Шабкат давно уже решил, на чьей стороне он сам должен оказаться. С Латифом ему было не по пути. Тот самим фактом своего существования мешал старшему брату делать карьеру, просто жить.
И не Шабкату было разрешать эту проблему. У него недоставало и сил, и характера на то, чтобы взять ее решение на себя. Когда ночью он говорил деду, что никто в селе не решится поднять руку на Латифа, то в первую очередь имел в виду себя, по собственным меркам оценивал и всех остальных людей.
Старый Абдул-Азиз, похоже, все понял. У деда хватило характера на то, чтобы решиться. Теперь он уже пойдет до конца. Никто не сможет остановить его. Это решение принимал не дряхлый старик, а воин, ветеран великой войны. В нем жила та самая сила духа, которая когда-то поднимала солдат из окопа в атаку, бросала их на вражеские пулеметы.
— Ты подготовил мне вопросы на завтра?
— Значит, ты назначаешь мне встречу на этот день? — уточнил старший брат, потому что раньше Латиф просто пообещал выбрать время.
— Скорее всего. Если что-то изменится, я позвоню, предупрежу. В десять утра — ровно в десять, минута в минуту! — выезжай по дороге на Махачкалу. Твою машину остановят два или три человека с оружием. Не пугайся. Тормози. Ни тебя, ни твоего оператора они не тронут. Назовут твое имя. Ты в ответ скажешь мое. Это будет паролем. И все. Вас отведут ко мне. Я буду недалеко. Там и поговорим. Но заранее о нашей встрече никто знать не должен. Я тебе, по сути дела, доверяю жизни всех своих собратьев по оружию. Не только свою собственную. Я знаю, что ты не обманешь, не устроишь нам ловушку.
— Я поеду на редакционном микроавтобусе. Белый «Фольксваген» с московским номером.
— Мне известно, на чем ты ездишь. Знаю номер. Запомни главное! Никто не должен знать о предстоящем свидании. Это вопрос безопасности моего джамаата, — резко проговорил Латиф.
Его информированность в таких мелочах, как номер машины, не особенно удивила Шабката. Тот понимал, что в селе у брата должен быть свой человек, который все ему докладывает. Даже тележурналист, далекий от всех подобных дел, никогда не служивший в армии, понимал, что иначе банде в горах не выжить.
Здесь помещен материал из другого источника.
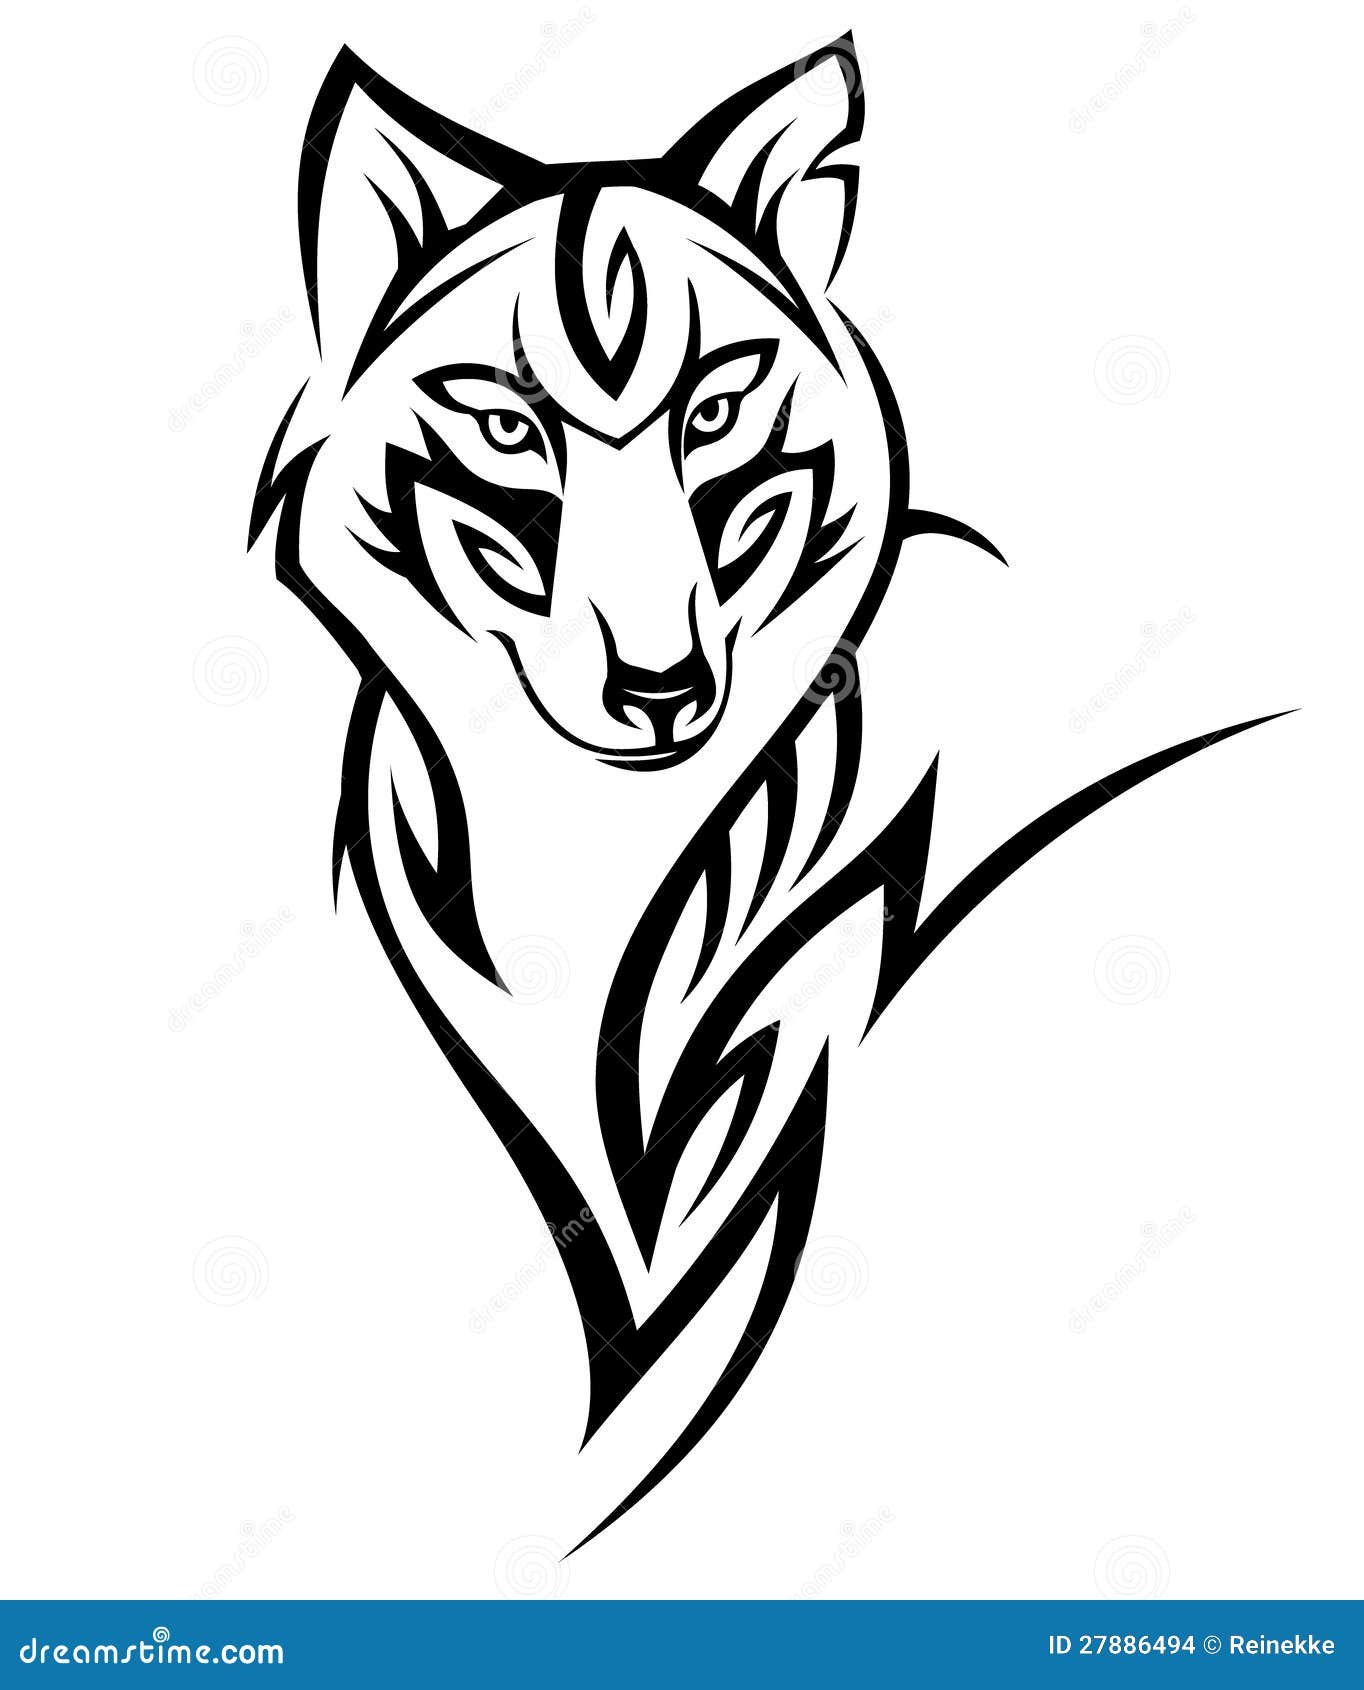 Tribal Wolf Tattoo Stock Illustrations – 2,451 Tribal Wolf Tattoo Stock Illustrations, Vectors & Clipart - Dreamstime

— Можешь не сомневаться, Латиф. Ты же мой единственный брат. — Произнося эти слова, Шабкат опять чувствовал себя предателем.
Это было неприятное ощущение, больно бьющее по мужскому самолюбию. Но когда выбор встал между двоюродным братом и дедом, он однозначно и без сомнений занял сторону Абдул-Азиза. Тем можно было только гордиться, а Латифа стоило стыдиться.
— Вопросы!.. — напомнил тот.
Шабкат вытащил из кармана листы, распечатанные утром, и продиктовал брату вопросы. Это продолжалось долго. Латиф, похоже, записывал.
— Хорошо. Я подготовлюсь к разговору, — сказал он. — Только сразу хочу предупредить, что на большинство твоих вопросов отвечать не буду. Просто из соображений безопасности своего джамаата и людей, которые мне доверились. Кстати, о безопасности. Твой оператор, надеюсь, еще не в курсе наших дел? Я про встречу говорю.